A binomial test compares a sample proportion to a hypothesized proportion.
For example, suppose we have a 6-sided die. If we roll it 12 times, we would expect the number “3” to show up 1/6 of the time, which would be 12 * (1/6) = 2 times.
If the number “3” actually shows up 4 times, is that evidence that the die is biased towards the number “3”? We could perform a binomial test to answer that question.
In Python, we can perform a binomial test using the binom_test() function from the scipy.stats library, which uses the following syntax:
binom_test(x, n=None, p=0.5, alternative=’two-sided’)
where:
- x: number of “successes”
- n: total number of trials
- p: the probability of success on each trial
- alternative: the alternative hypothesis. Default is ‘two-sided’ but you can also specify ‘greater’ or ‘less.’

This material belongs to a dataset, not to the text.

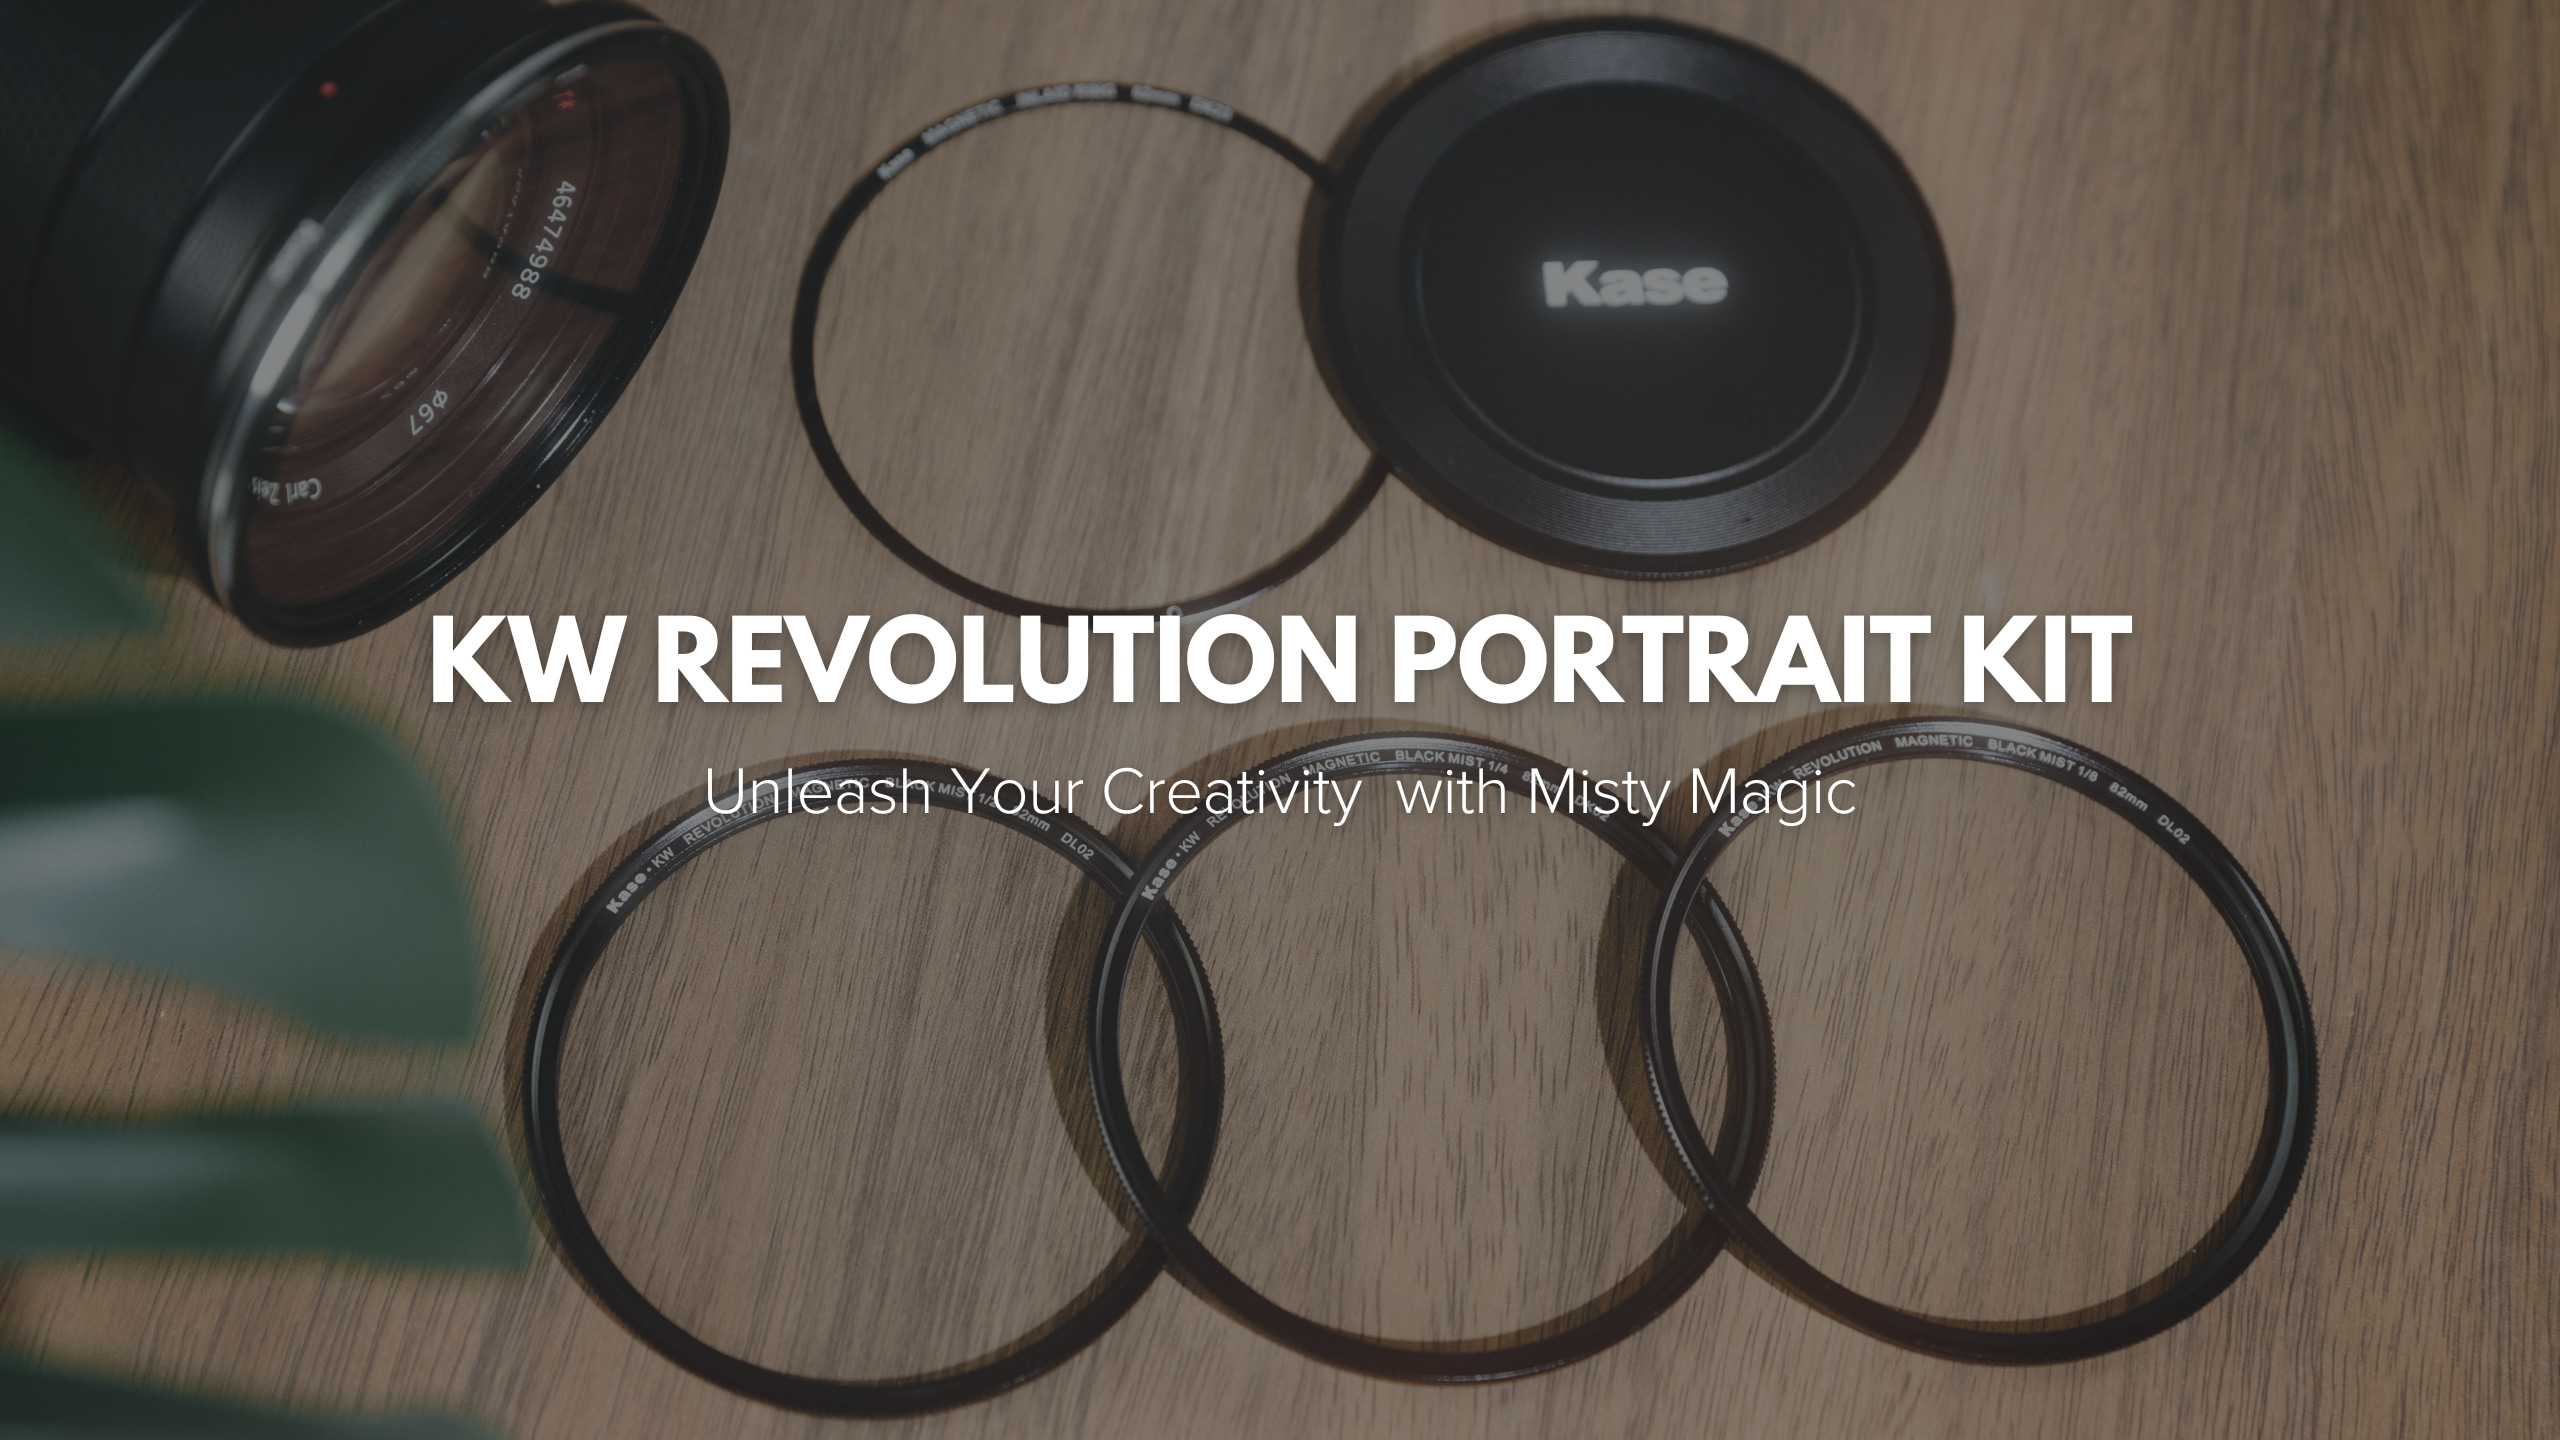 Kase KW Revolution Portrait Kit

This function returns the p-value of the test. We can load this function by using the following sytax:
from scipy.stats import binom_test
The following examples illustrate how to perform binomial tests in Python.
Example 1: We roll a 6-sided die 24 times and it lands on the number “3” exactly 6 times. Perform a binomial test to determine if the die is biased towards the number “3.”

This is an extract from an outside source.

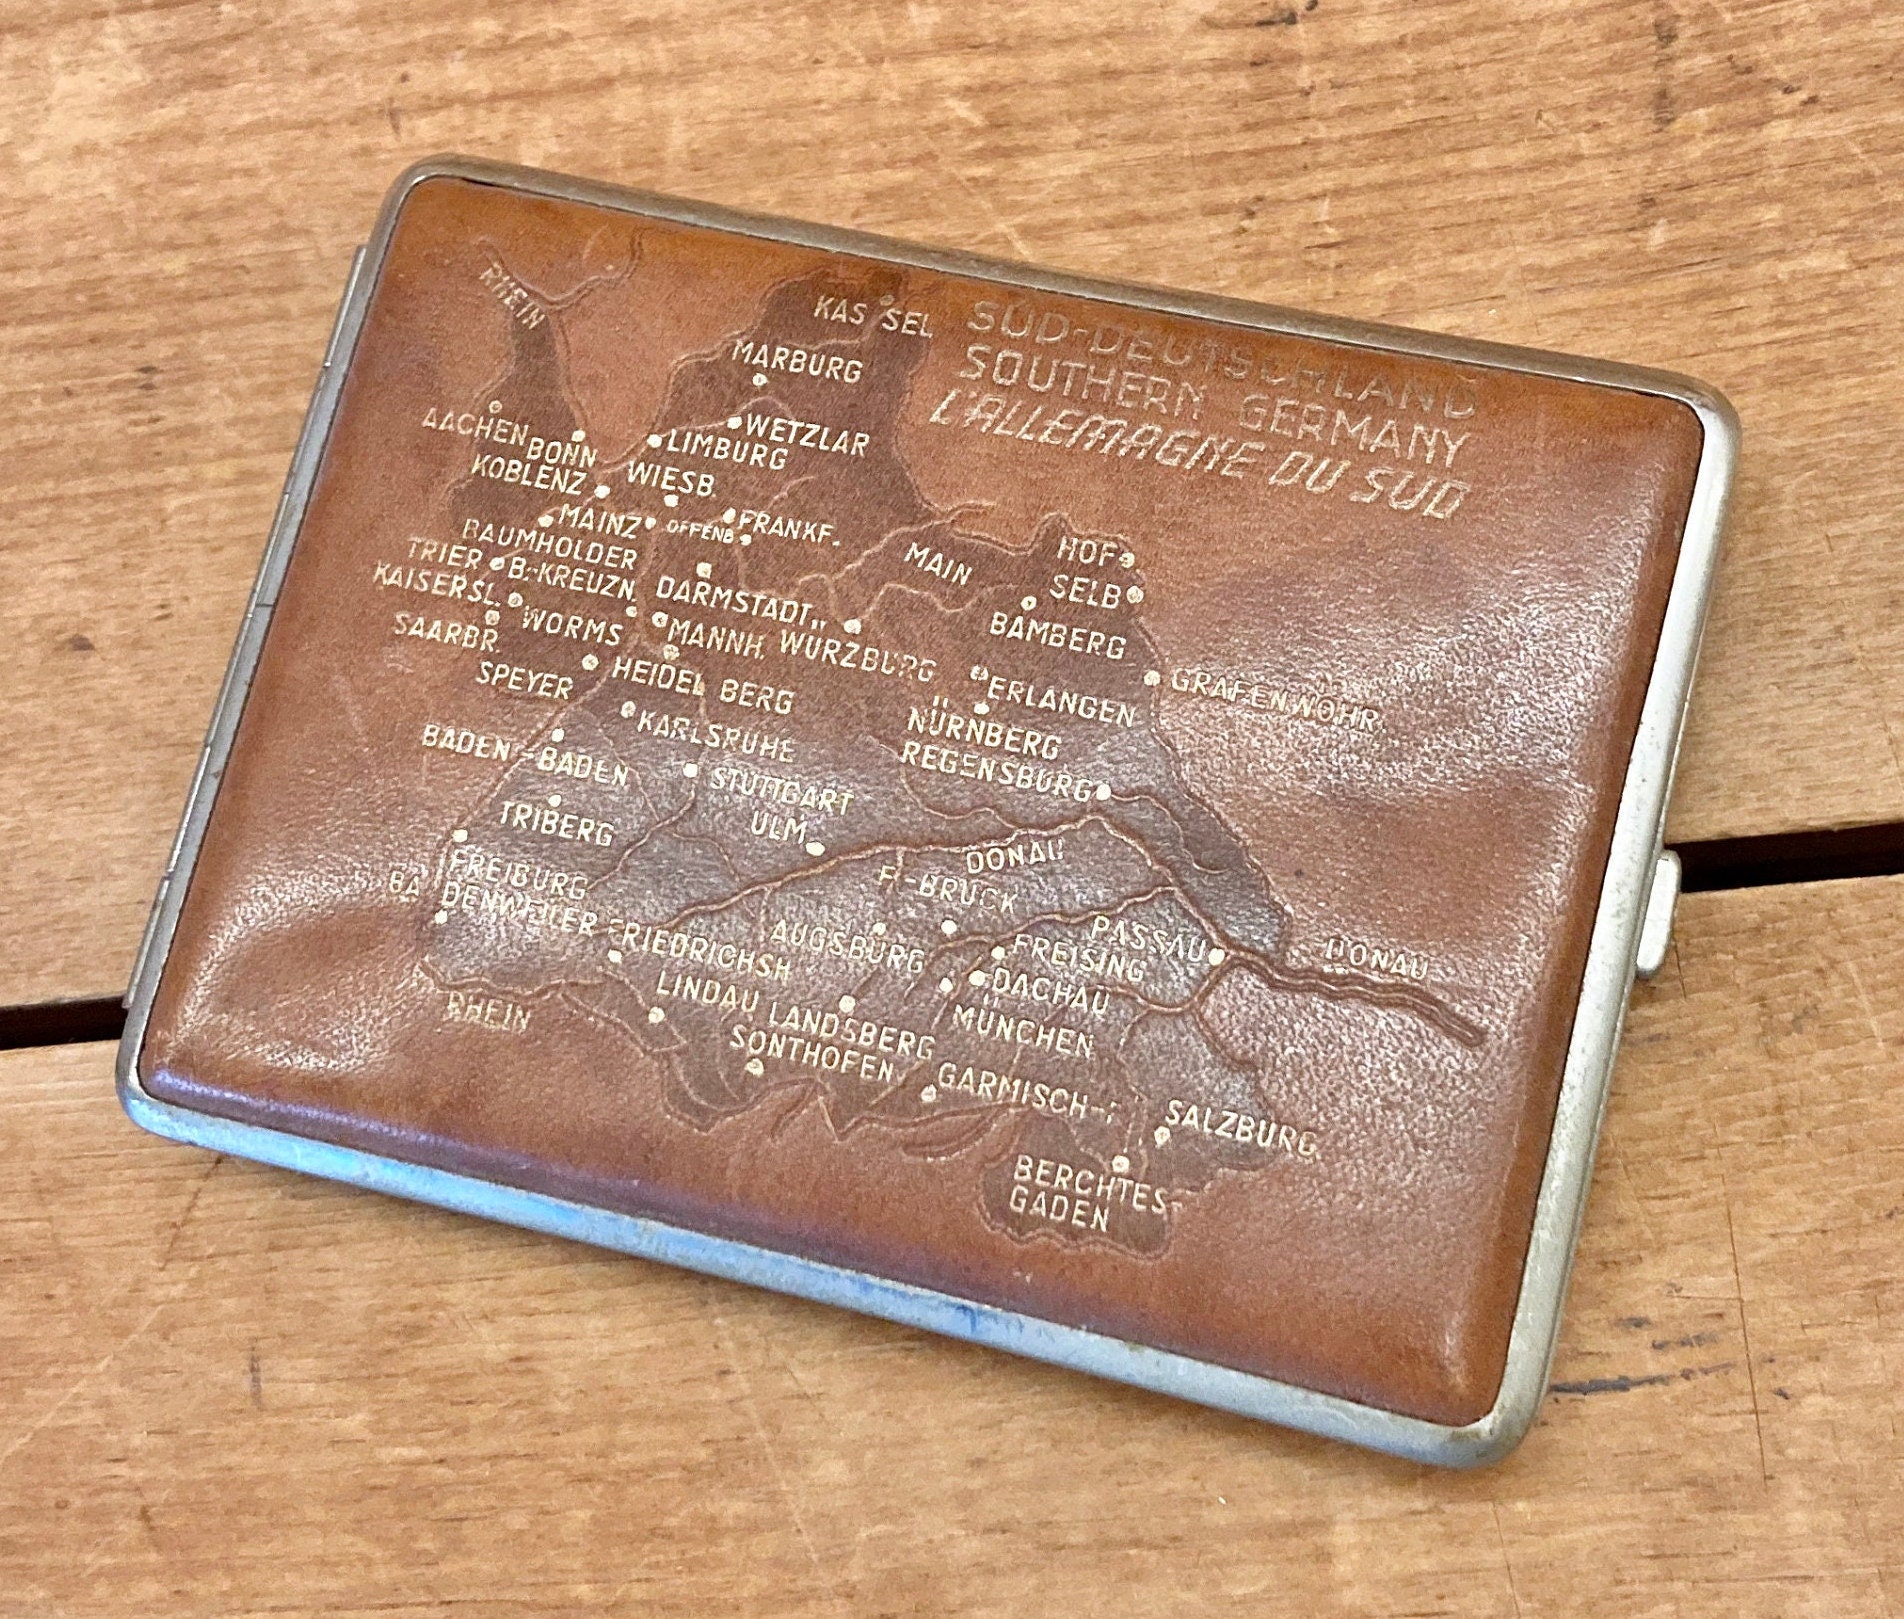 Handmade Antique Silver Embossed Angel Cigarette Case – Urban Metal Designs

The null and alternative hypotheses for our test are as follows:
H0: π ≤ 1/6 (the die is not biased towards the number “3”)
HA: π > 1/6
*π is the symbol for population proportion.
We will enter the following formula into Python:
binom_test(x=6, n=24, p=1/6, alternative='greater') 0.1995295129479586
Because this p-value (0.1995) is not less than 0.05, we fail to reject the null hypothesis. We do not have sufficient evidence to say the die is biased towards the number “3.”
Example 2: We flip a coin 30 times and it lands on heads exactly 19 times. Perform a binomial test to determine if the coin is biased towards heads.
The null and alternative hypotheses for our test are as follows:
H0: π ≤ 1/2 (the coin is not biased towards heads)
HA: π > 1/2
We will enter the following formula into Python:
binom_test(x=19, n=30, p=1/2, alternative='greater') 0.10024421103298661
Because this p-value (0.10024) is not less than 0.05, we fail to reject the null hypothesis. We do not have sufficient evidence to say the coin is biased towards heads.
Example 3: A shop makes widgets with 80% effectiveness. They implement a new system that they hope will improve the rate of effectiveness. They randomly select 50 widgets from a recent production run and find that 47 of them are effective. Perform a binomial test to determine if the new system leads to higher effectiveness.
The null and alternative hypotheses for our test are as follows:
H0: π ≤ 0.80 (the new system does not lead to an increase in effectiveness)
HA: π > 0.80
We will enter the following formula into Python:
binom_test(x=47, n=50, p=0.8, alternative='greater') 0.005656361012155314
Because this p-value (0.00565) is less than 0.05, we reject the null hypothesis. We have sufficient evidence to say the new system leads to an increase in effectiveness.